DNA-barcoded surface protein staining
CD4+ T cells from four participants (236, 829, 739, and 799) in unstimulated conditions and all participants in the antigen stimulated conditions were stained with a full panel of 24 surface protein markers [IL7RA (clone A019D5), CCR7 (clone G043H7), CD25 (clone BC96), CD27 (clone O323), CD3 (clone UCHT1), CD4 (clone RPA-T4), CD8 (clone RPA-T8), CD45RA (clone HI100), CD45RO (clone UCHL1), CD62L (clone DREG-56), CD69 (clone FN50), HLA-DR clone (L243), CD47 (clone CC2C6), CCR5 (clone J418F1), CXCR3 (clone G025H7), CCR6 (clone G034E3), CCR4 (clone L291H4), CXCR5 (clone J252D4), CD40L (clone 24-31), 4-1BB (clone 4B4-1), OX40 (clone ACT35), PD-1 (clone EH12.2H7), CTLA-4 (clone BNI3), and TIGIT (clone A15153G)] and three isotype control staining antibodies [mouse IgG1 (clone MOPC-21), mouse IgG2a (clone MOPC-173), and mouse IgG2b (clone MPC-11)]. CD4+ T cells from antigen stimulated conditions were additionally stained with anti-human Hashtag antibodies (BioLegend Total-seq C) for sample pooling. CD4+ T cells from four individuals (M2, M3, 640, and 910) in the unstimulated condition were stained with a panel of 13 antibodies [IL7RA (clone A019D5), CCR7 (clone G043H7), CD25 (clone BC96), CD27 (clone O323), CD3 (clone UCHT1), CD4 (clone RPA-T4), CD45RA (clone HI100), CD45RO (clone UCHL1), CD62L (clone DREG-56), CD69 (clone FN50), HLA-DR (clone L243), PD-1 (clone EH12.2H7), and TIGIT (clone A15153G)] and the same three isotype control staining antibodies [mouse IgG1 (clone MOPC-21), mouse IgG2a (clone MOPC-173), and mouse IgG2b (clone MPC-11)].

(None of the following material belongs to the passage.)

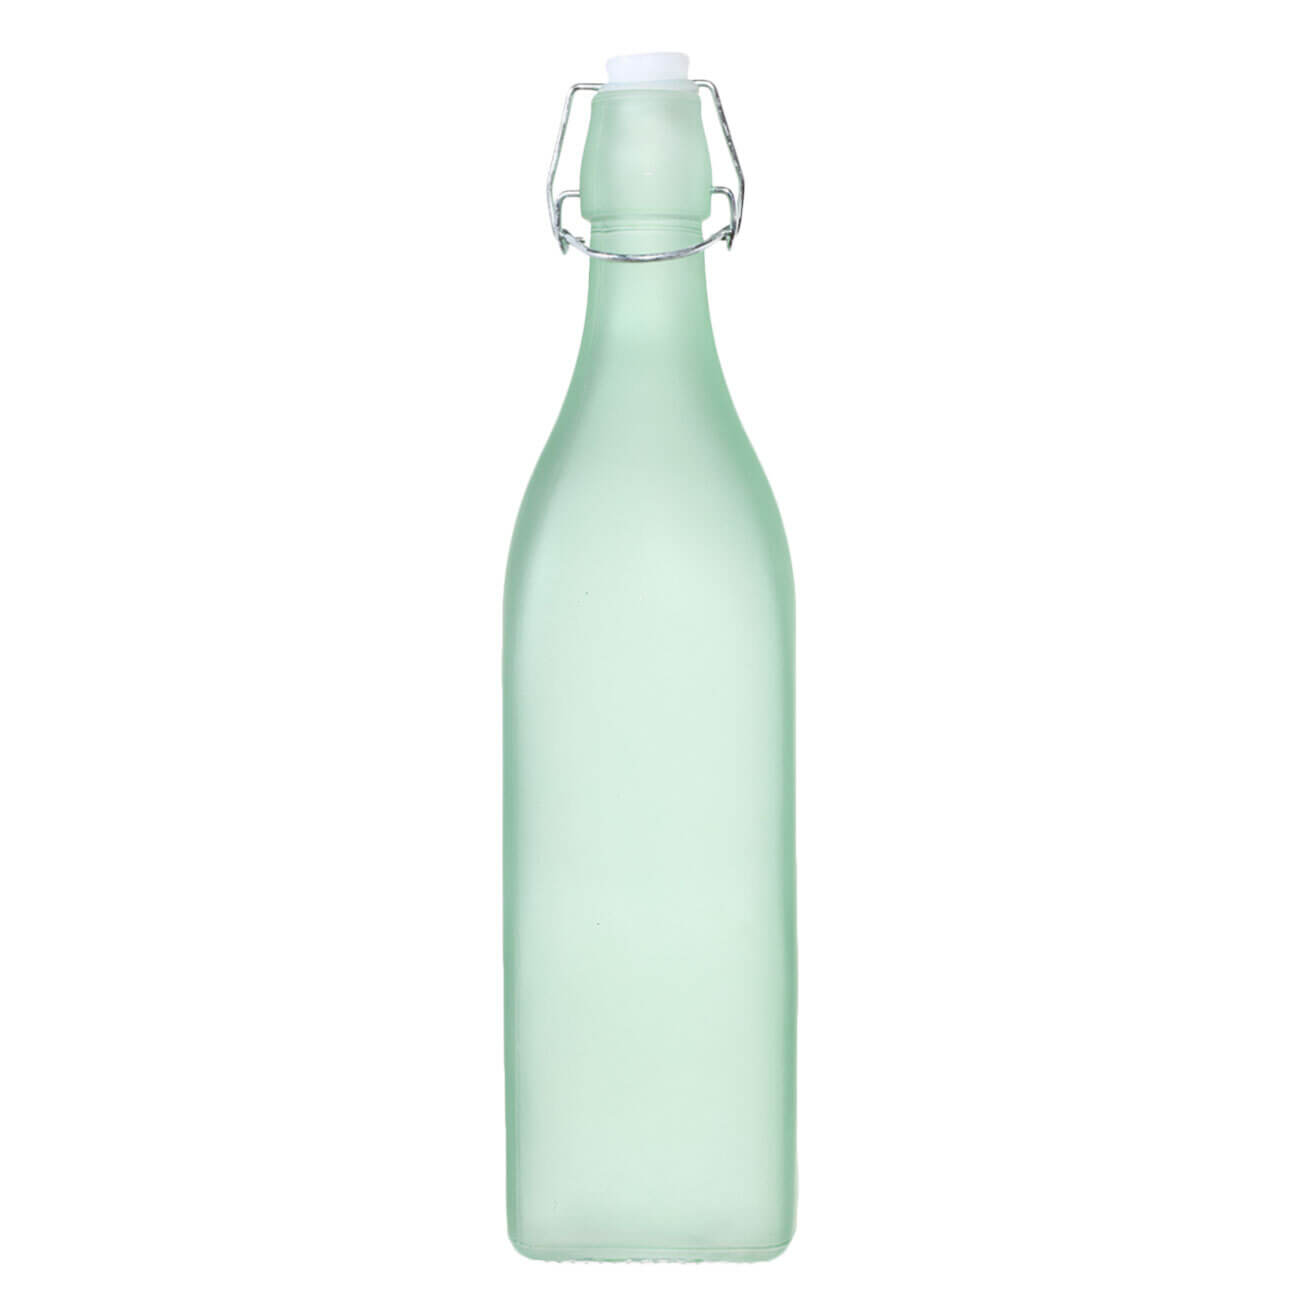 Бутылка для масла или уксуса, 1 л, с клипсой, стекло/металл, зеленая, Light kitchen изображение № 1

ECCITE-seq library preparation and sequencing
Cells were loaded into the 10x Genomics Chromium Controller with a target capture of 10,000 single cells per sample. Library preparation for the single cell immune profiling with feature barcoding were performed according to manufacturer instructions (10x document CG000186 Rev D). Briefly, polyadenylated mRNA was reverse transcribed using poly(dT) primers and captured by template switch oligos. DNA barcodes on the surface protein staining and hashing antibodies were captured by annealing the reverse complement template switch oligo to the template switch oligo. After cDNA amplification, high molecular weight DNA was isolated for separate T cell receptor (TCR) and transcriptome library preparation, while low molecular weight DNA was used for surface antibody barcode library preparation. Libraries were then sequenced on either HiSeq 4000 or NovaSeq 6000 in appropriate read configurations.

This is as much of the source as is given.